The people own the hospitals and equipment in a UHC, though I’ve never heard anyone think or describe it in those terms. It’s just ours, and god help any gov that messes that up.
That is a single payer system. It’s also a single provider system. Single payer just means one entity (the government) pays for everything.
Canada is a single payer, multiple provider system.
Exactly. In the UK we refer to things as “publicly owned”, not “government owned” and the focus (at least officially) is always on providing a good service that’s good value. We don’t look at it suspiciously or really even associate the NHS and the government in our minds.
Be glad you are so well off that 135 USD is “chump change”. Unfortunately for many in society it is not.
It is also still 135 USD more than the UK charges.
Speak for yourself. NHS policy is decided by the government, which is chosen by the public. Controlling something is tantamount to owning it. I see no real difference between something being government-controlled and it being publicly owned. And, the NHS is a major political issue.
This is about the most convincing and succinct argument I’ve heard for socially provided universal healthcare … but given I live in the States and I experience first hand our governments unimaginable ability to waste our money I think I’d prefer a repaired version of the system we have now (prior to the Obama changes).
I literally stood in line and talked on the phone virtually every day for 3 weeks trying to get a copy of a marriage certificate last year.
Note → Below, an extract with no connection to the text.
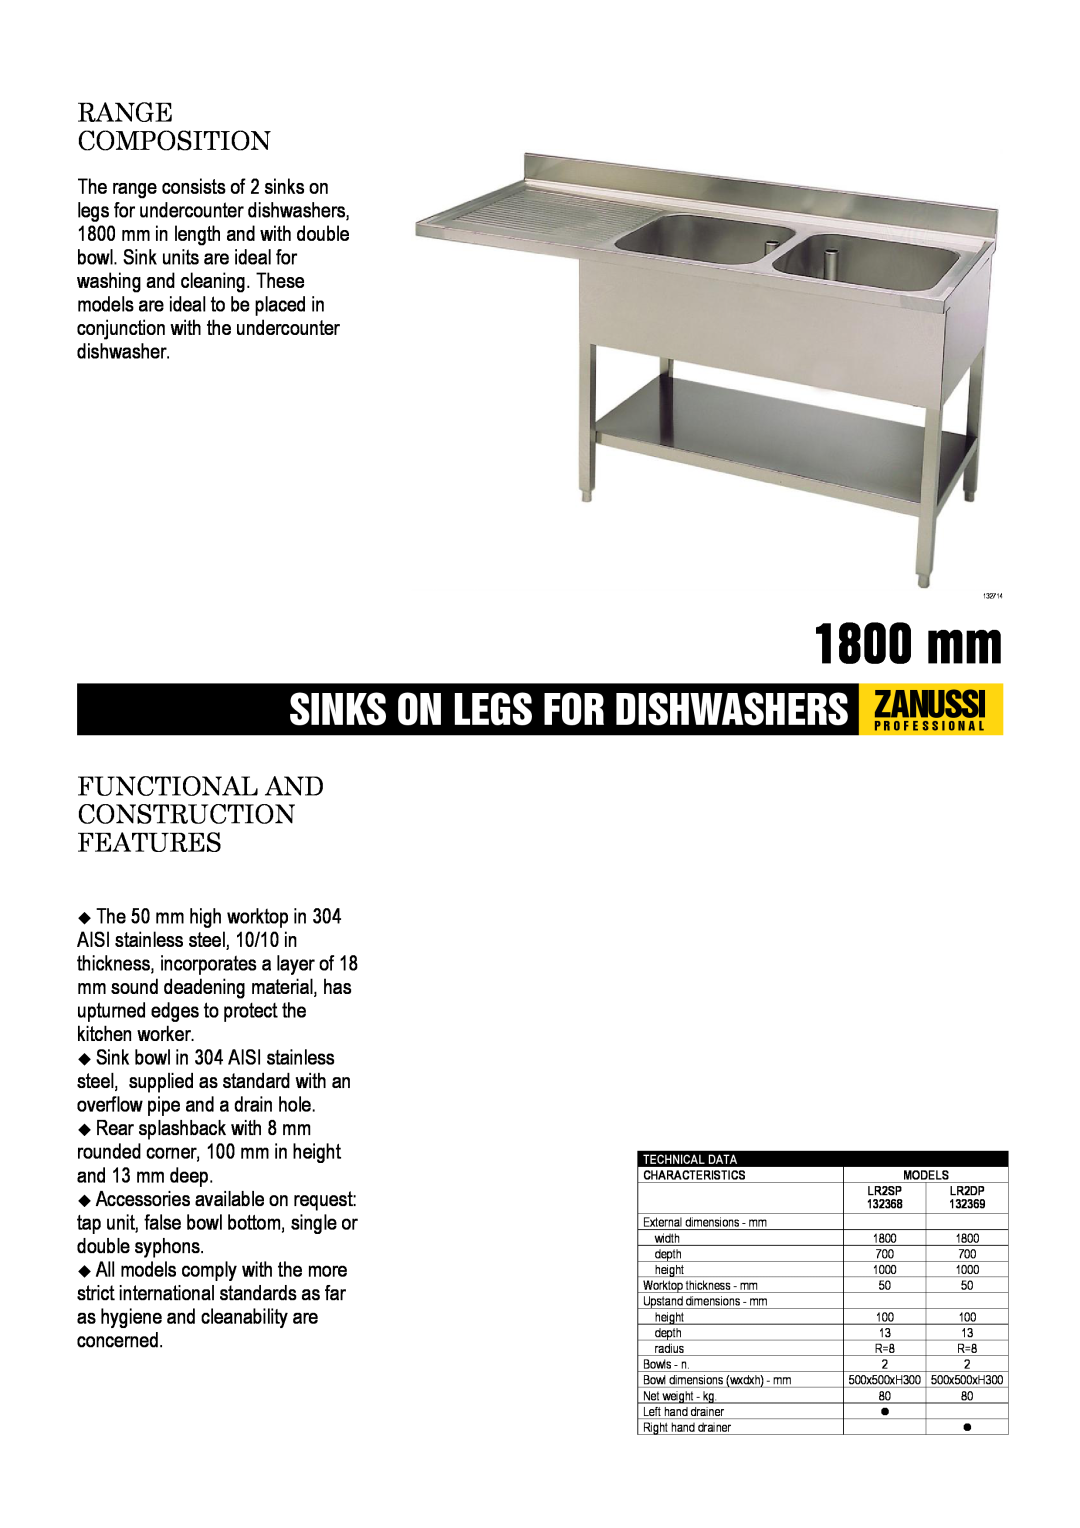 Zanussi LR2DP, LR2SP dimensions 1800 mm, Sinks On Legs For Dishwashers Zanussip R O F E S S I O N A L, Range Composition

I am not exaggerating when I say that upwards of 75 city and state employees WITHIN the departments responsible passed the buck and dropped the ball until I finally had a sympathetic judge find the file for me on his lunch break.
The government simply does not have the motivation to perform to a high enough standard and there isn’t enough accountability. (at least here)
The difference is a gov has a short-term mandate to run the NHS, the public then periodically decide whether they like the way i’s been run. And if they don’t…
I see than as akin to management vs. shareholders.
The point which I have been trying to make is that the US could go to a single payer system fairly easily, while going to a single provider system would be disruptive. Further, conservatives distort proposals for a single payer system into ones for a single provider system.
Obviously single provider systems are also single payer. I didn’t think that needed saying.
Why do you think the US government is especially incompetent compared to other Western industrialized democracies that do provide UHC? I don’t see anything that separates them from all the others. I think the US gov’t. would be no worse than any other at UHC.
Gee, I spent hours on the phone with the phone company. Let’s do away with private enterprise. :rolleyes:
I had to get a new license a year or so ago, and went to the dreaded motor vehicle bureau. They allow you to make appointments, a guy administered eye tests while we were waiting in line for something else, and I was out of there in under an hour. I could get the forms to order copies of my father’s death certificates on-line. I had to get it notarized, but it was simple. Even better, when I needed an EIN for his trust, it was done immediately and a number assigned and a letter for it generated on the IRS website - no phone calls, no people, done in under five minutes.
The right wing assertion that government never does anything right is a big heaping pile of bullshit. Businesses are in business to make money - if serving customers meets that goal they will, if screwing customers meets that goal, they will do that. Our health care system demonstrates this quite well.